● **What you will do**: Please return the full listing word for word, leaving out any pictures.

● **Source data**:
--

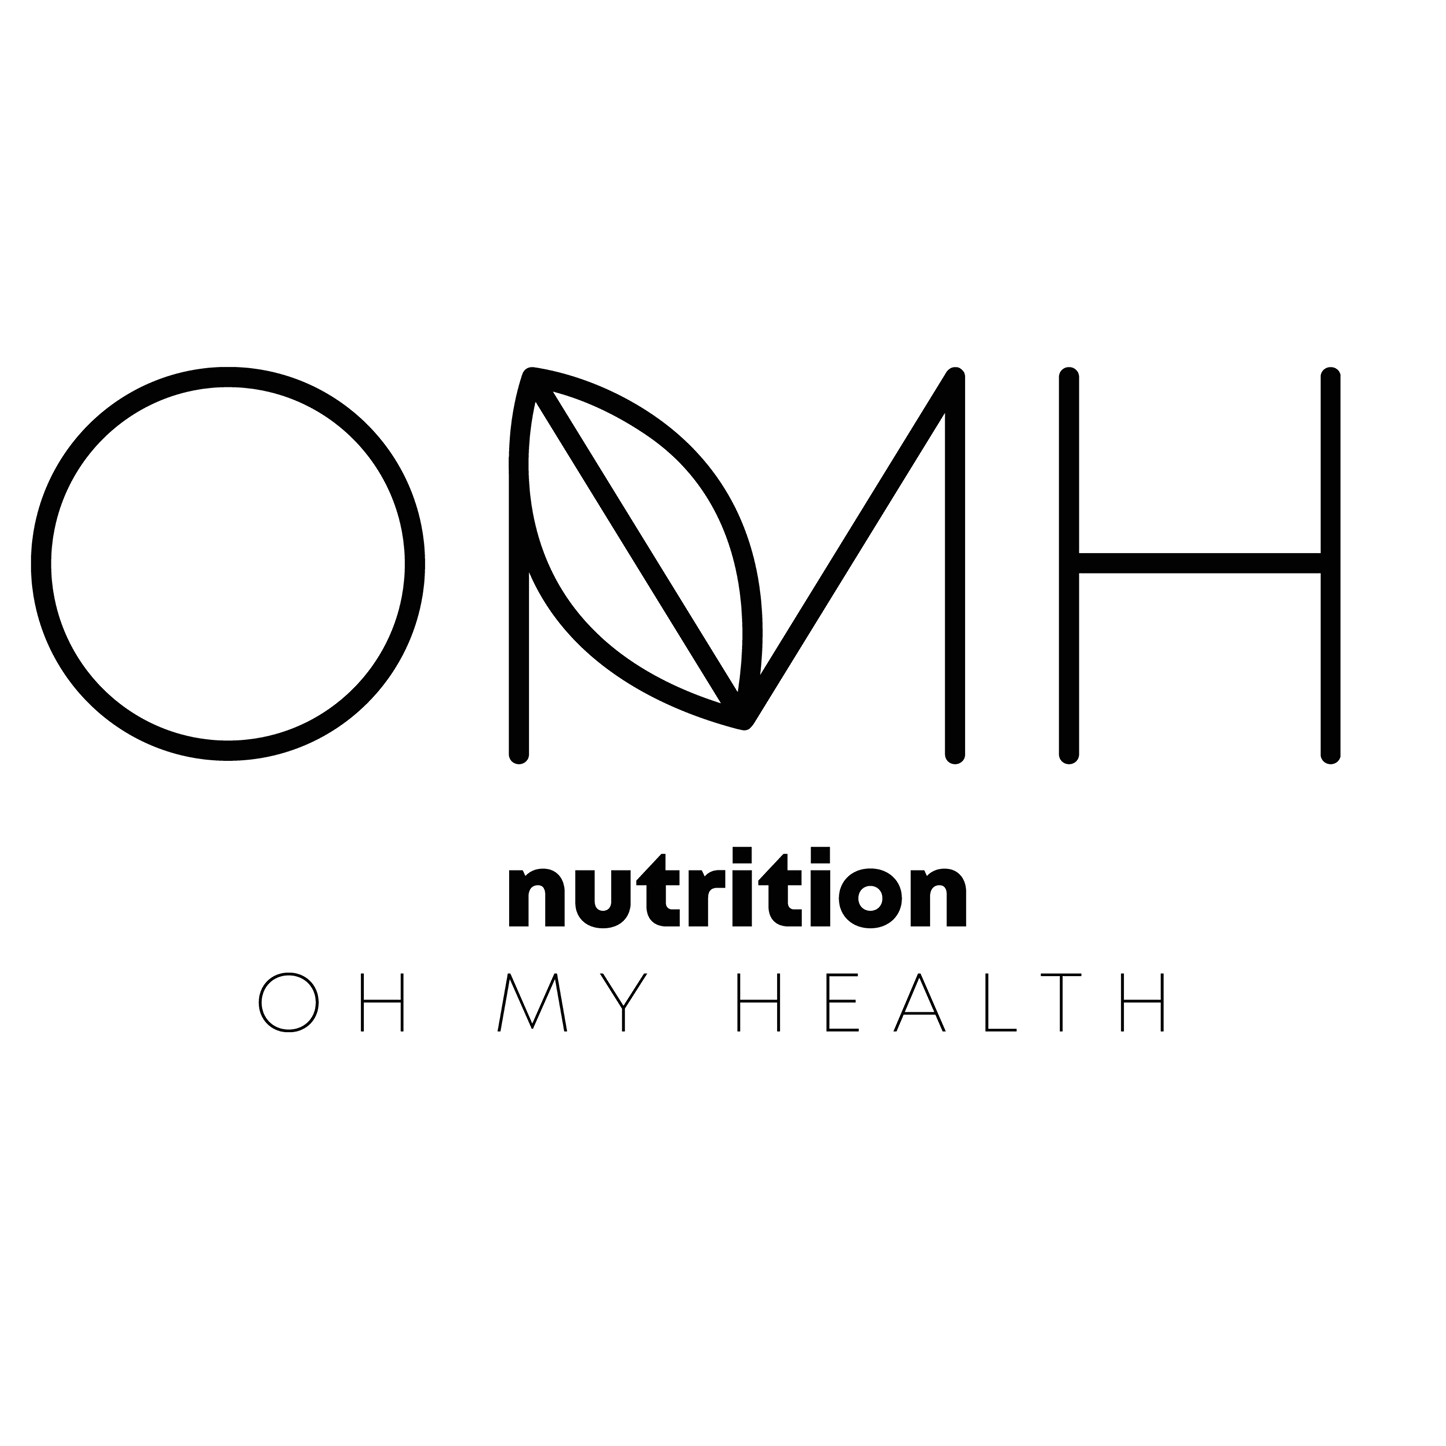 OMH nutrition
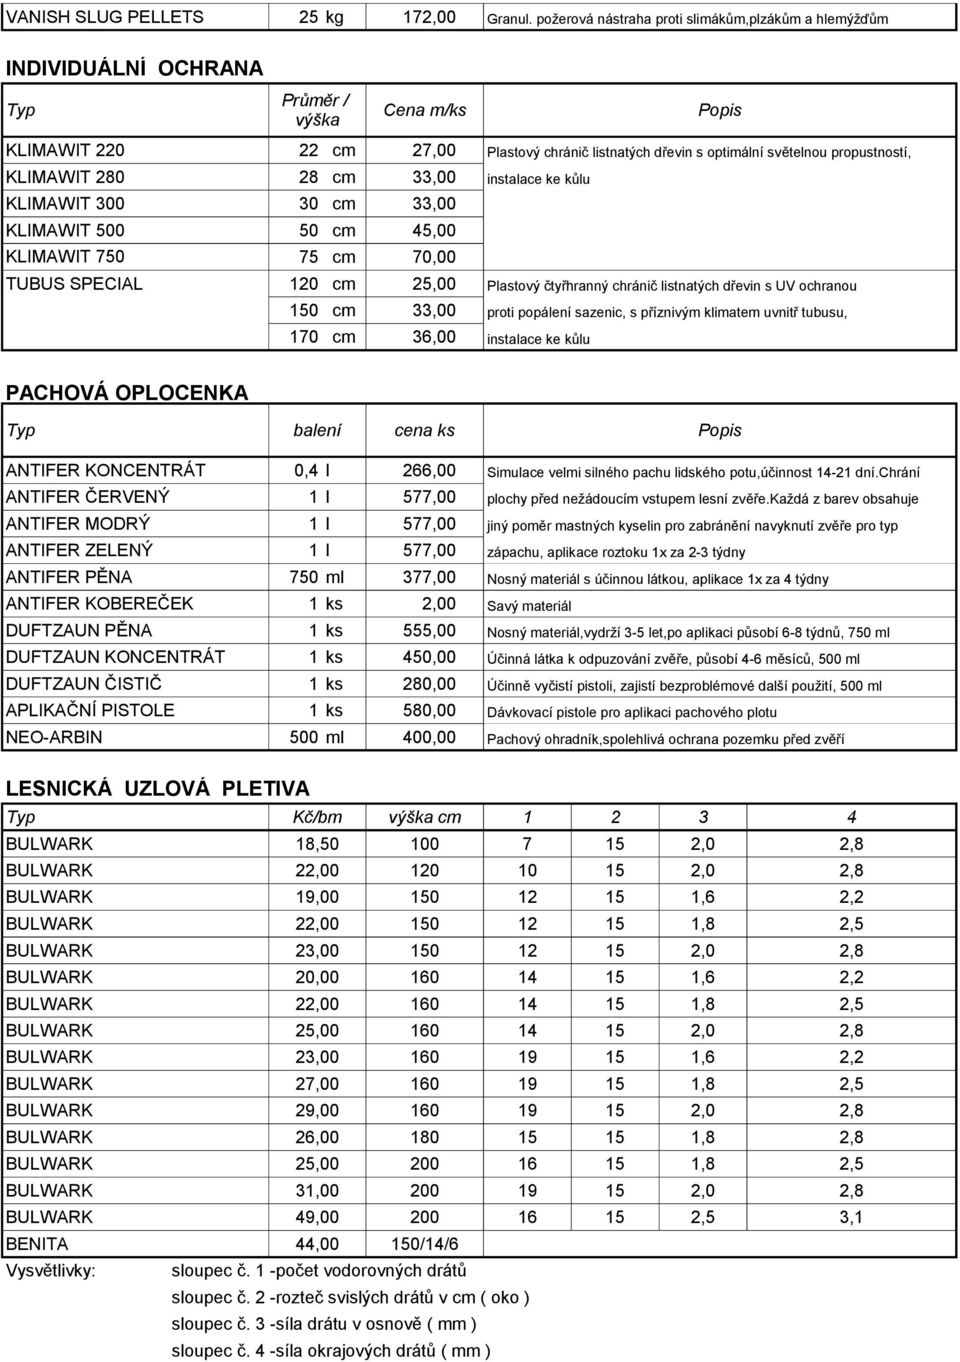 REPELENTY FUNGICIDY. Přípravek balení cena l/kg Popis - PDF Stažení zdarma
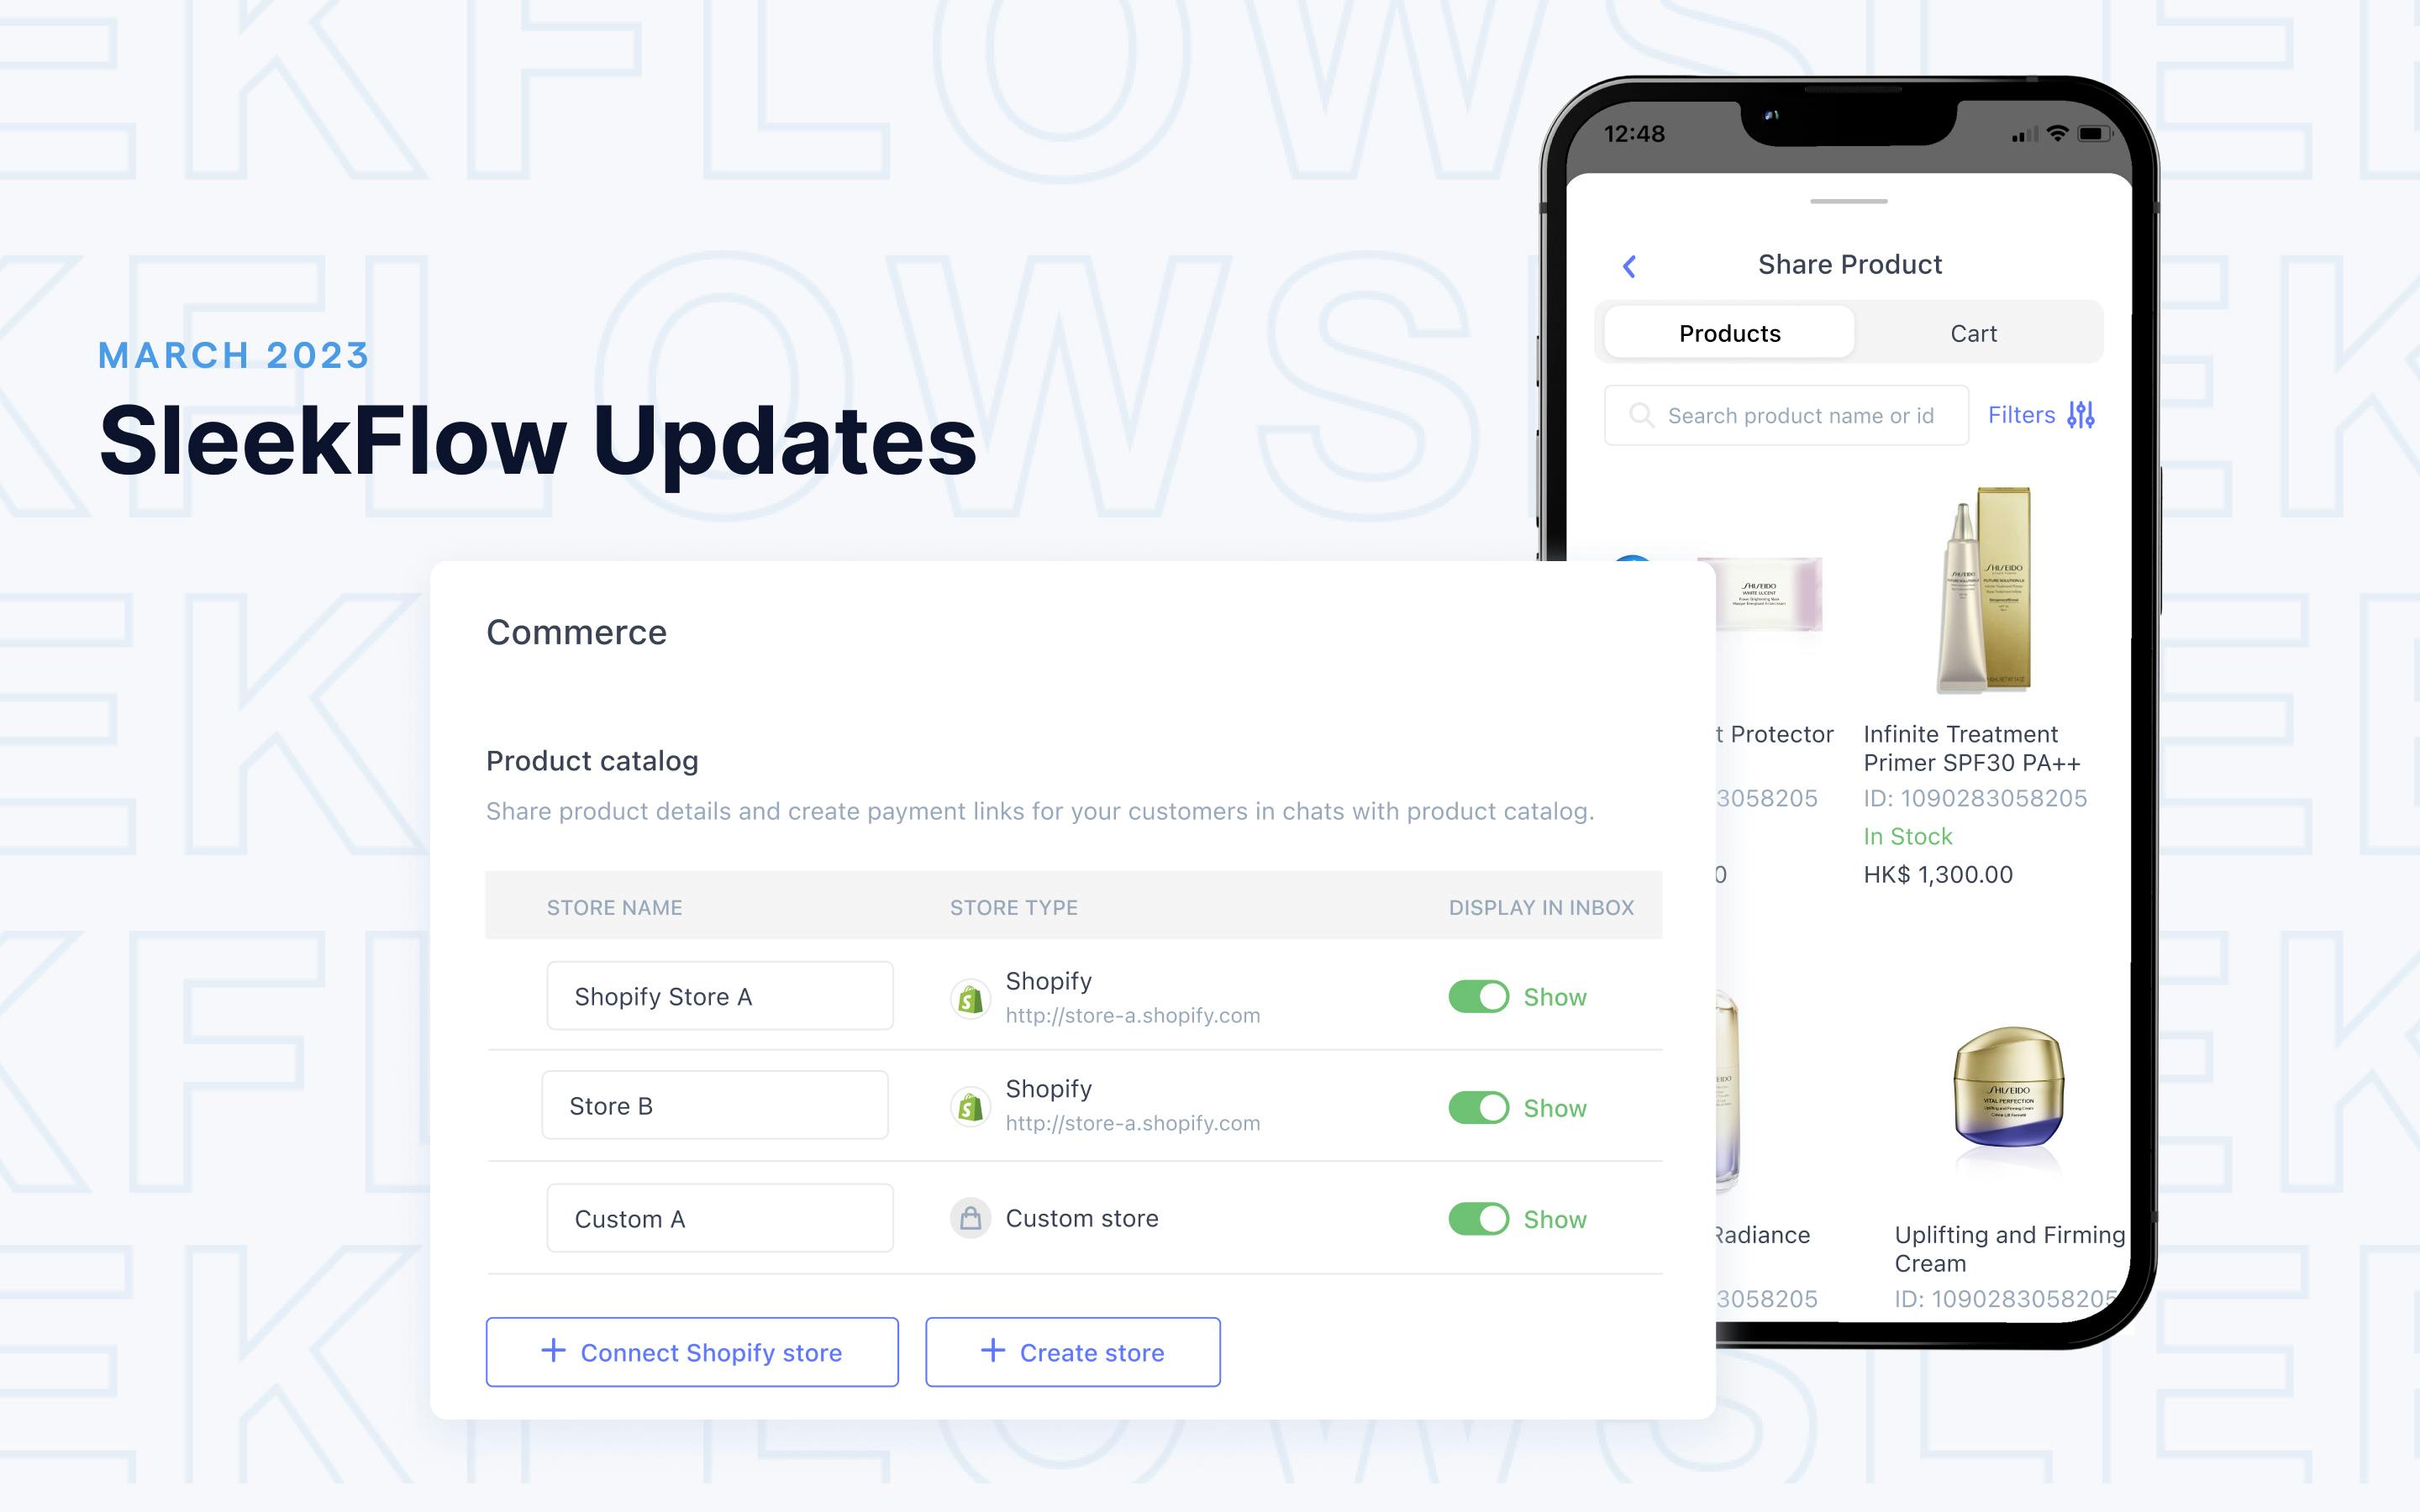 Terbaru di SleekFlow: Buat dan tampilkan katalog produk di aplikasi chatting dalam 5 menit

--

● **Task output**:
 OMH nutrition
 REPELENTY FUNGICIDY. Přípravek balení cena l/kg Popis - PDF Stažení zdarma
 Terbaru di SleekFlow: Buat dan tampilkan katalog produk di aplikasi chatting dalam 5 menit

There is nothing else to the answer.